#### ASSIGNMENT:
Please write out the whole listing that follows exactly; the pictures stay out.

*** Opening of SOURCE DATA ***

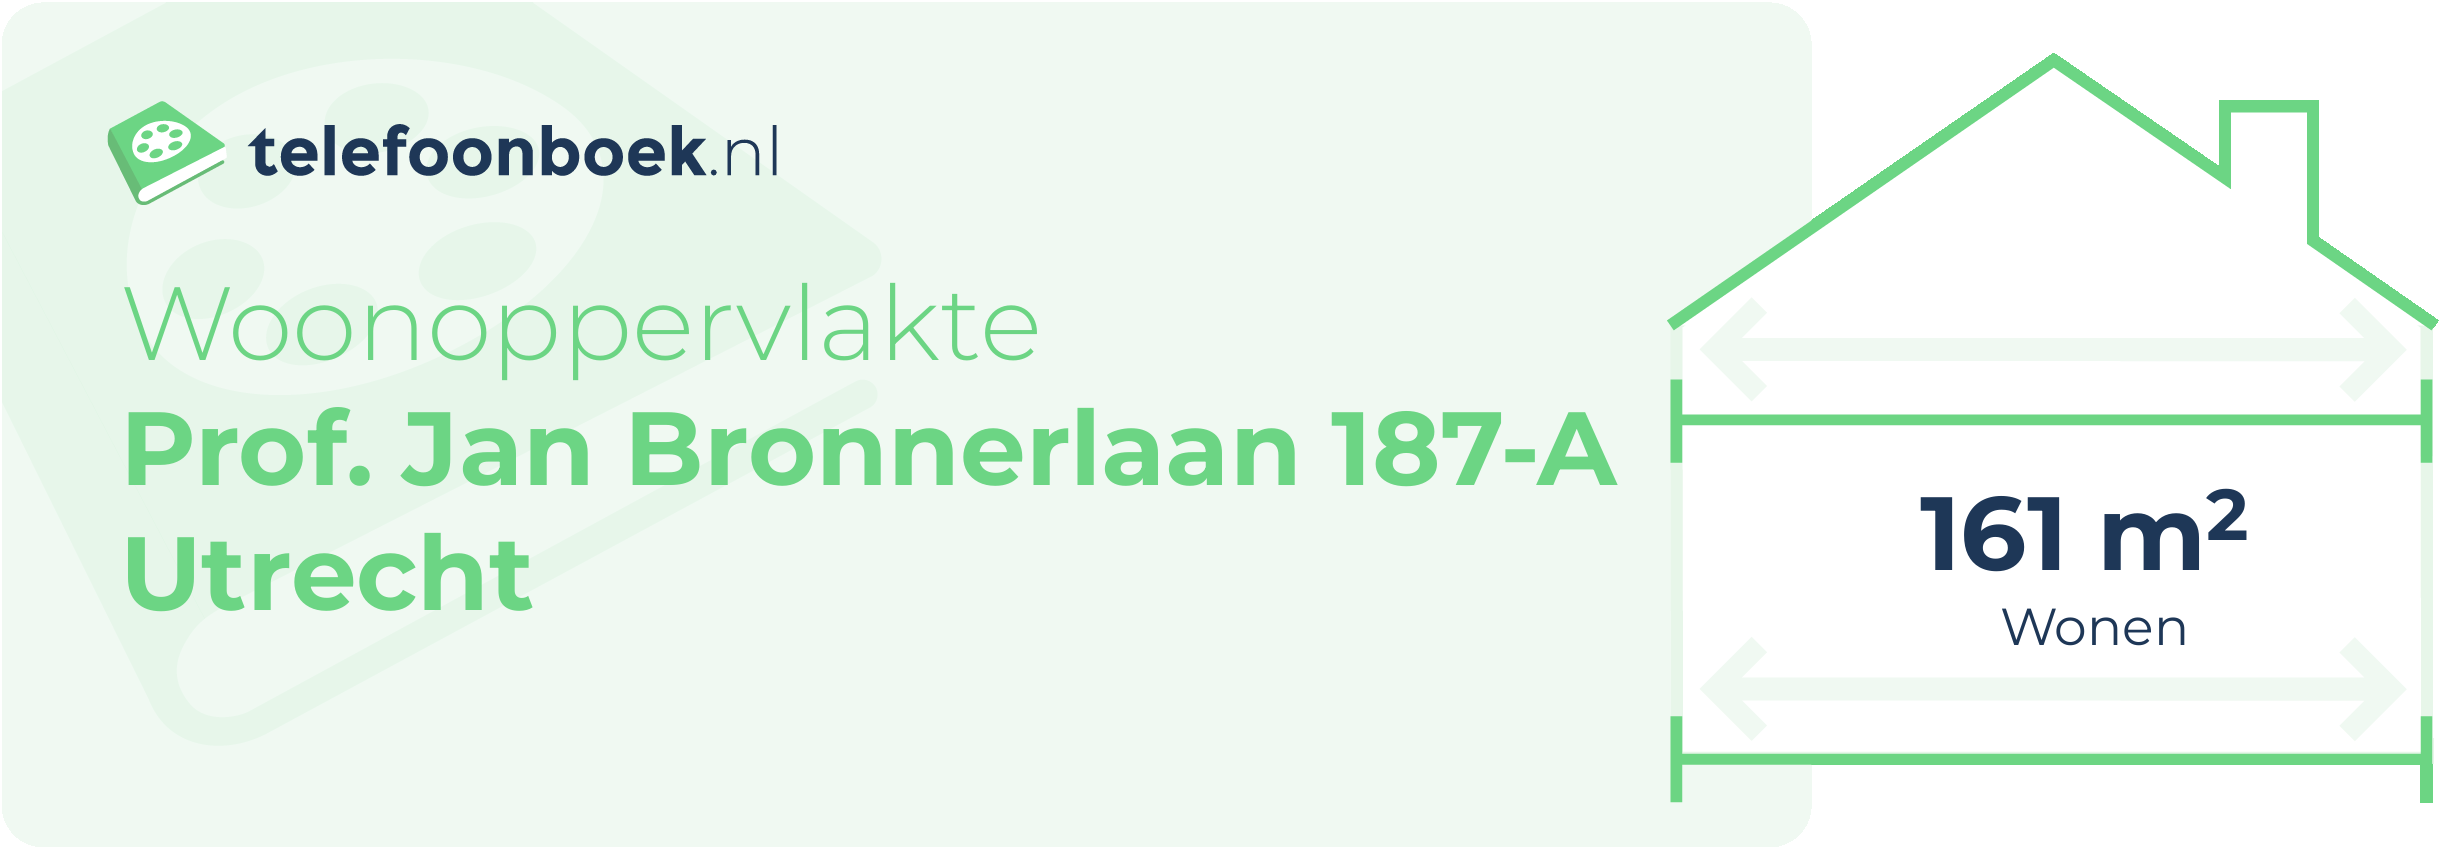 Woonoppervlakte Prof. Jan Bronnerlaan 187-A Utrecht
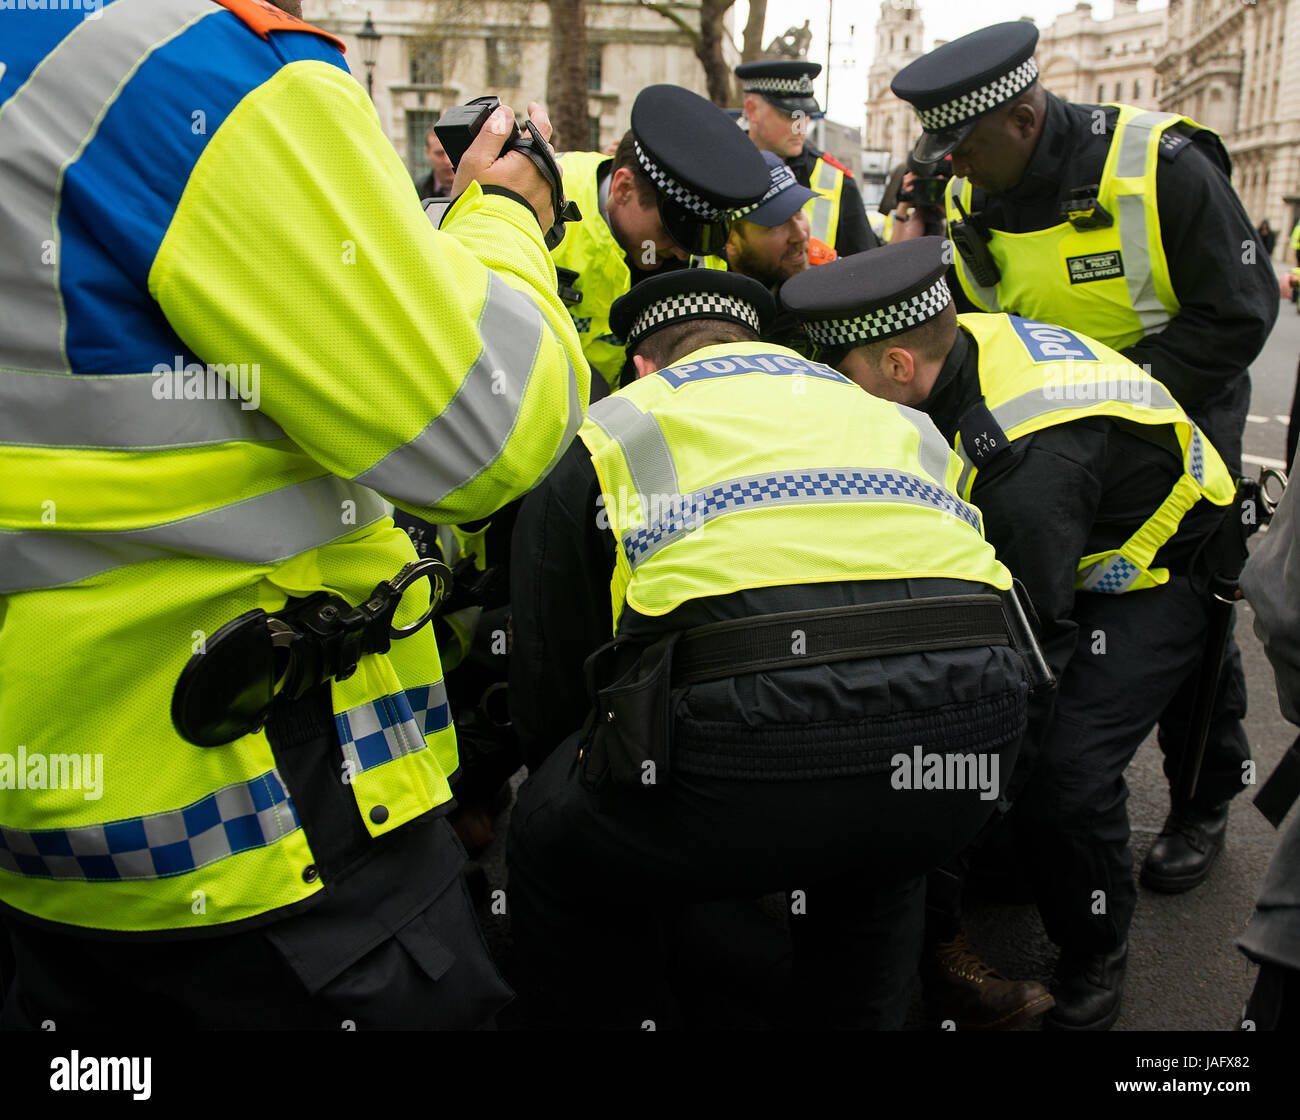 Los agentes de policía luchan con un manifestante en el rally EDL / Gran Bretaña Primero con la demo de contador del movimiento Unite Contra el fascismo en el centro de Londres. Foto de stock
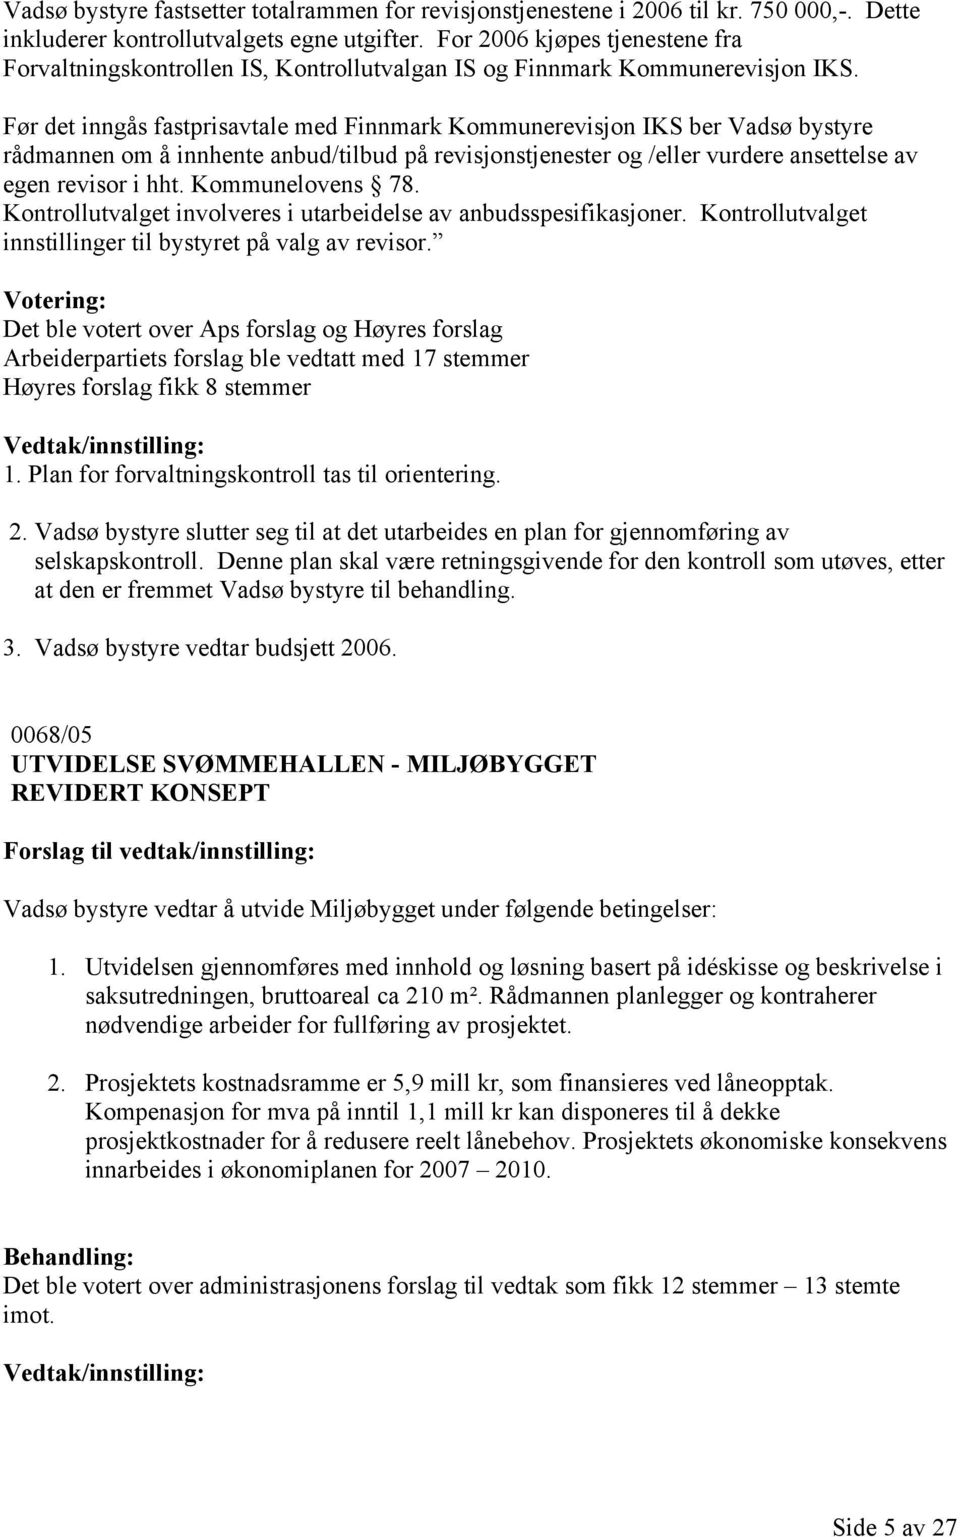 Før det inngås fastprisavtale med Finnmark Kommunerevisjon IKS ber Vadsø bystyre rådmannen om å innhente anbud/tilbud på revisjonstjenester og /eller vurdere ansettelse av egen revisor i hht.

*** Close of SOURCE DATA ***

#### RESULT FOR THIS EXERCISE:
 Woonoppervlakte Prof. Jan Bronnerlaan 187-A Utrecht
 Los agentes de policía luchan con un manifestante en el rally EDL / Gran Bretaña Primero con la demo de contador del movimiento Unite Contra el fascismo en el centro de Londres. Foto de stock
 Før det inngås fastprisavtale med Finnmark Kommunerevisjon IKS ber Vadsø bystyre rådmannen om å innhente anbud/tilbud på revisjonstjenester og /eller vurdere ansettelse av egen revisor i hht.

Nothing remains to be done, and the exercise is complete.